The problem: Without including the pictures, copy each line below exactly as it reads.

Data:
= = =

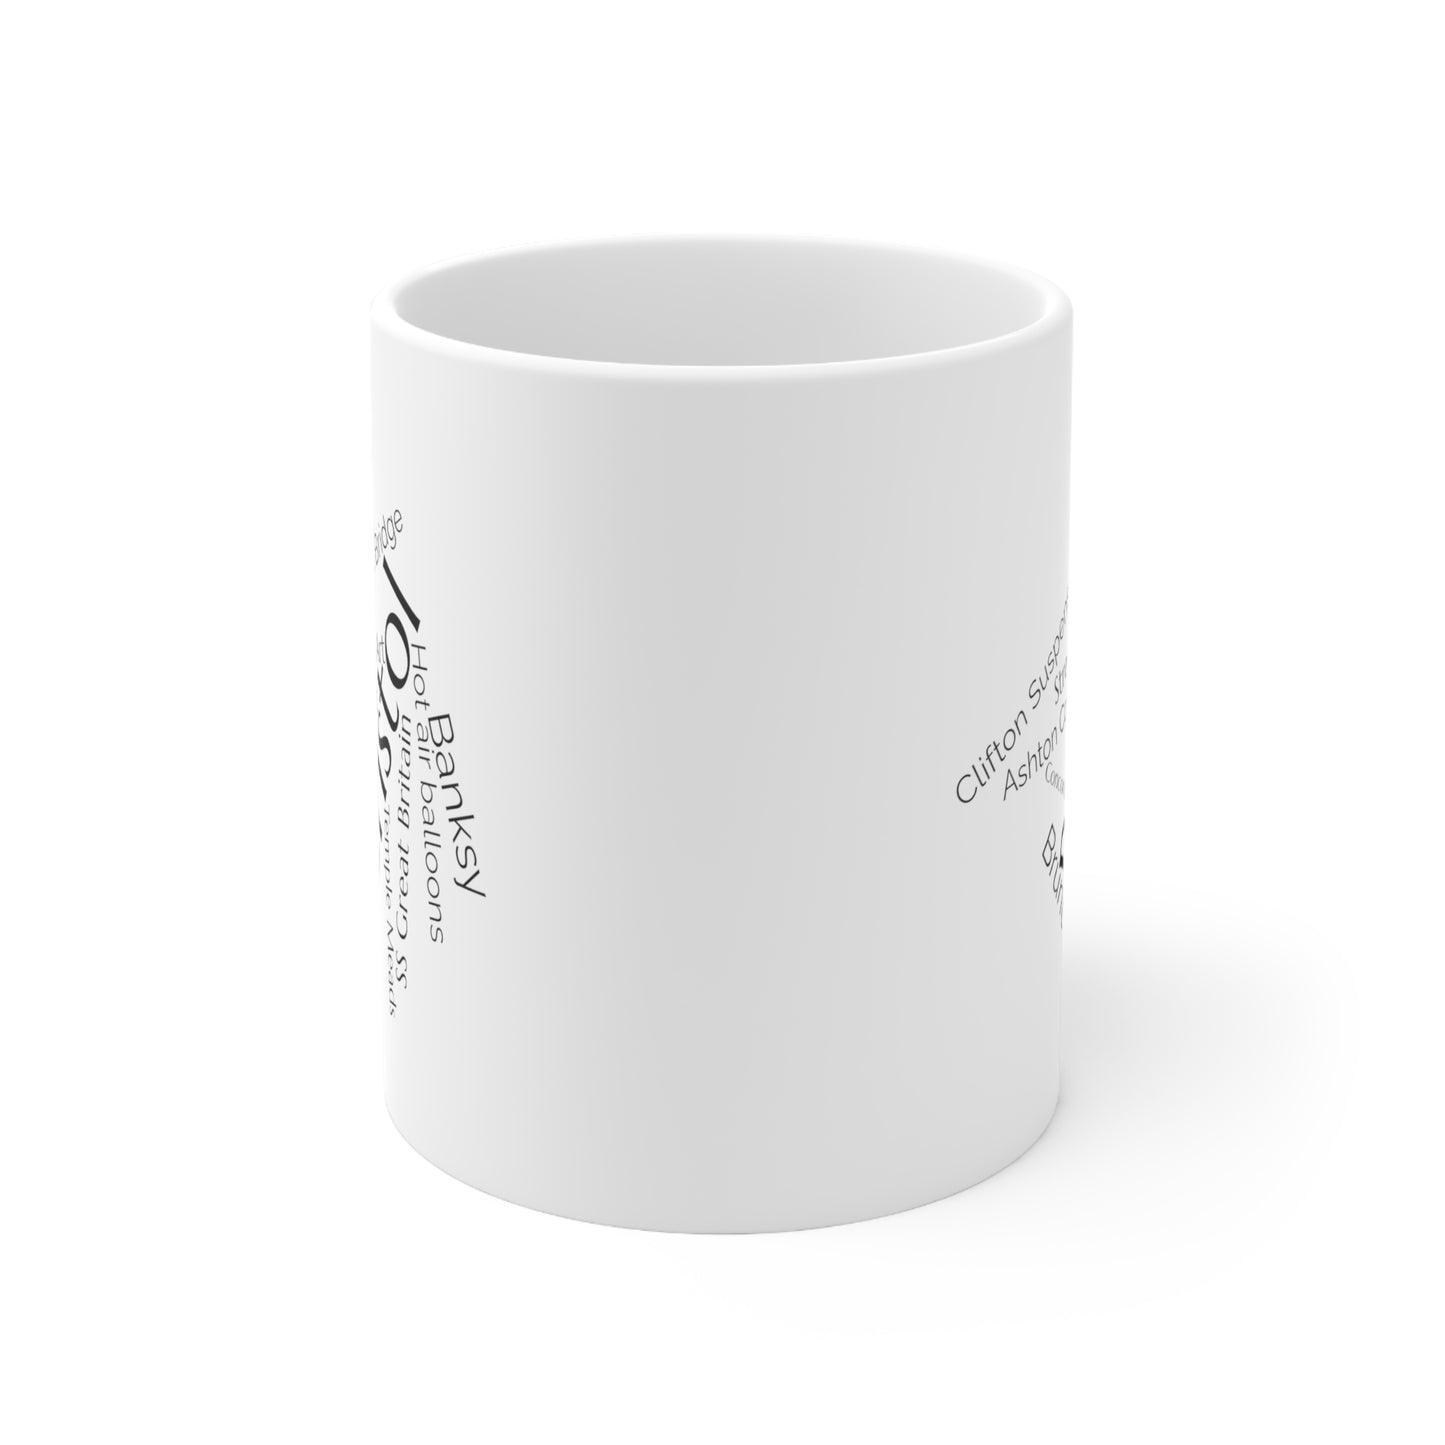 Bristol word mug, local mug, geography mug, gift, mug, coffee cup, word mug, wordcloud mug, christmas gift, birthday gift
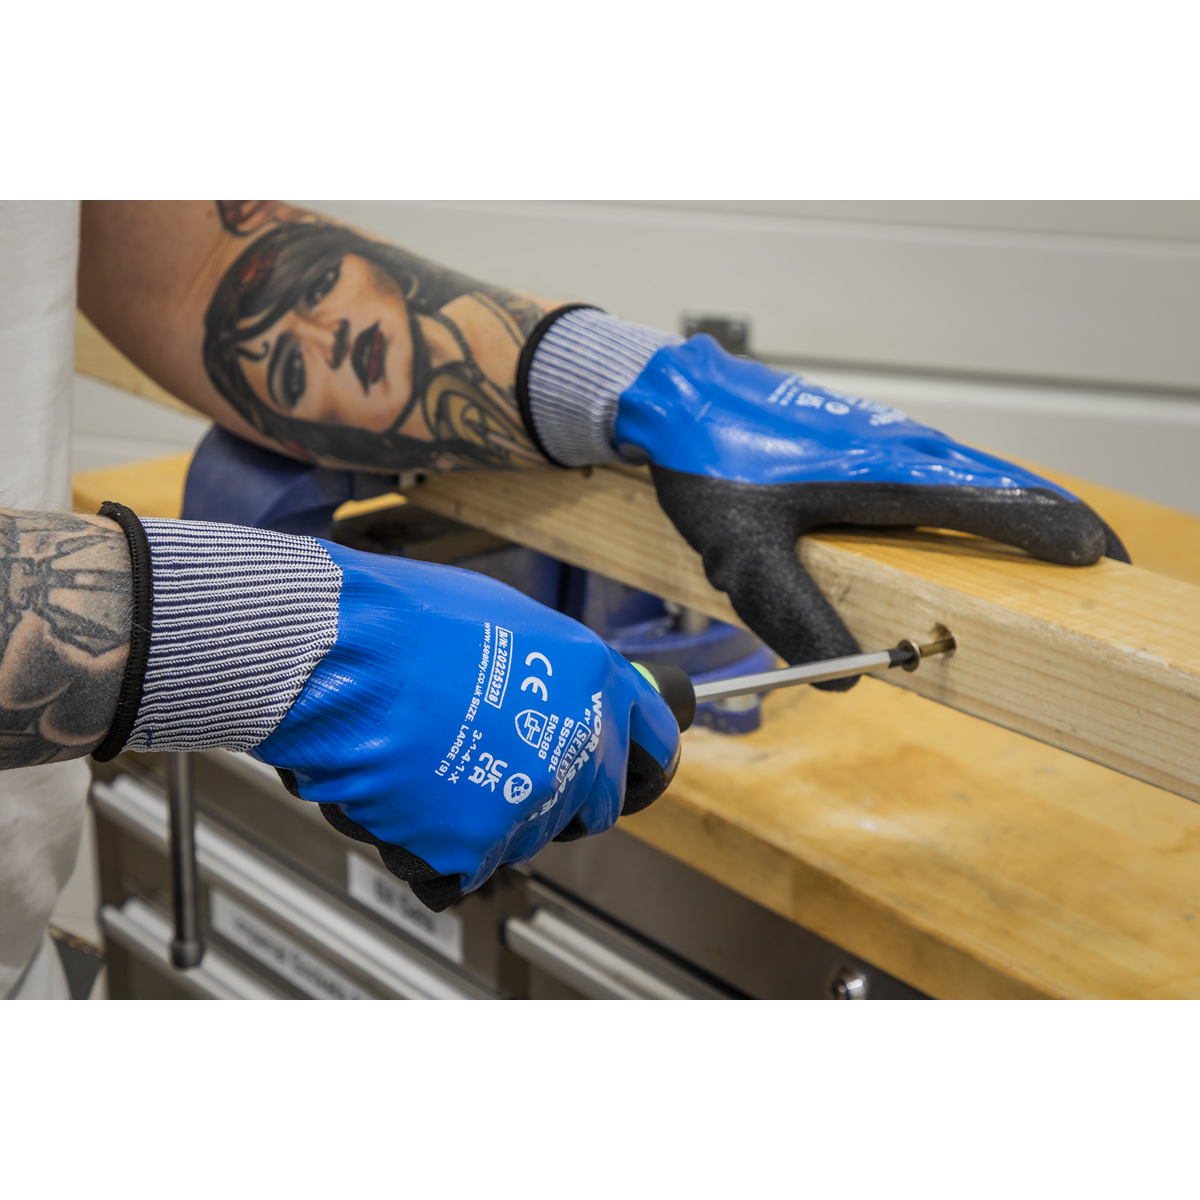 Waterproof Latex Gloves – Pair
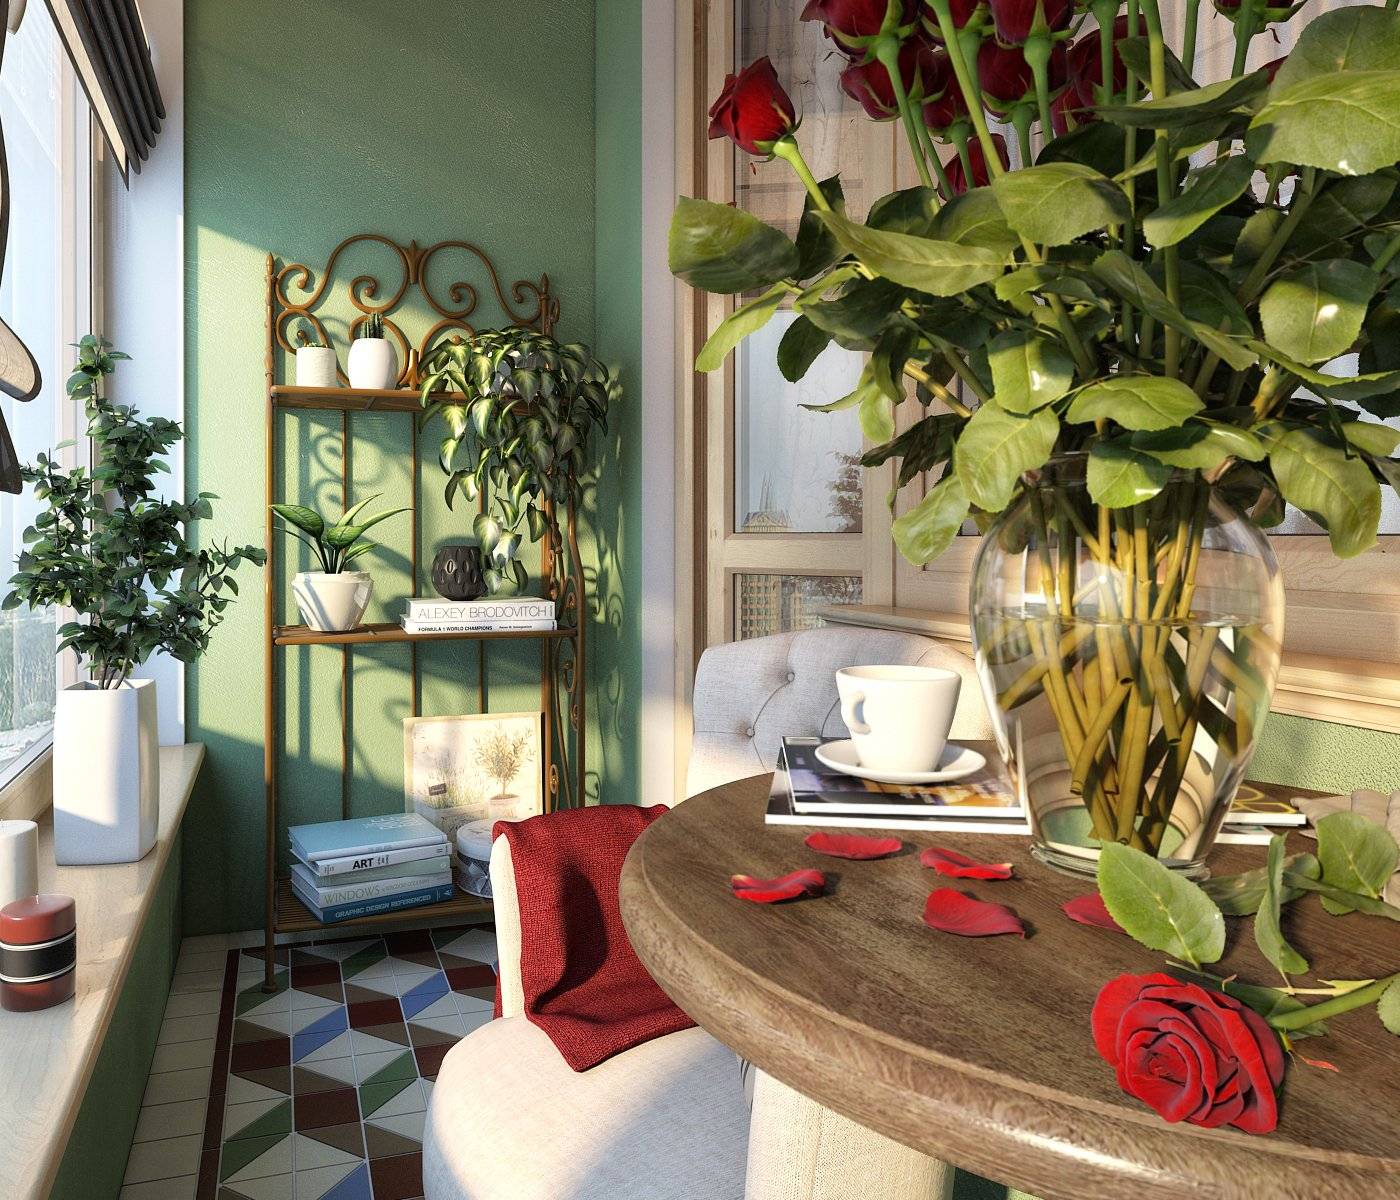 Как расставить цветы в квартире: цветы в интерьере, фитокартины, зеленые стены и флорариумы

= = =

Result for this task:
 Bristol word mug, local mug, geography mug, gift, mug, coffee cup, word mug, wordcloud mug, christmas gift, birthday gift
 Waterproof Latex Gloves – Pair
 Как расставить цветы в квартире: цветы в интерьере, фитокартины, зеленые стены и флорариумы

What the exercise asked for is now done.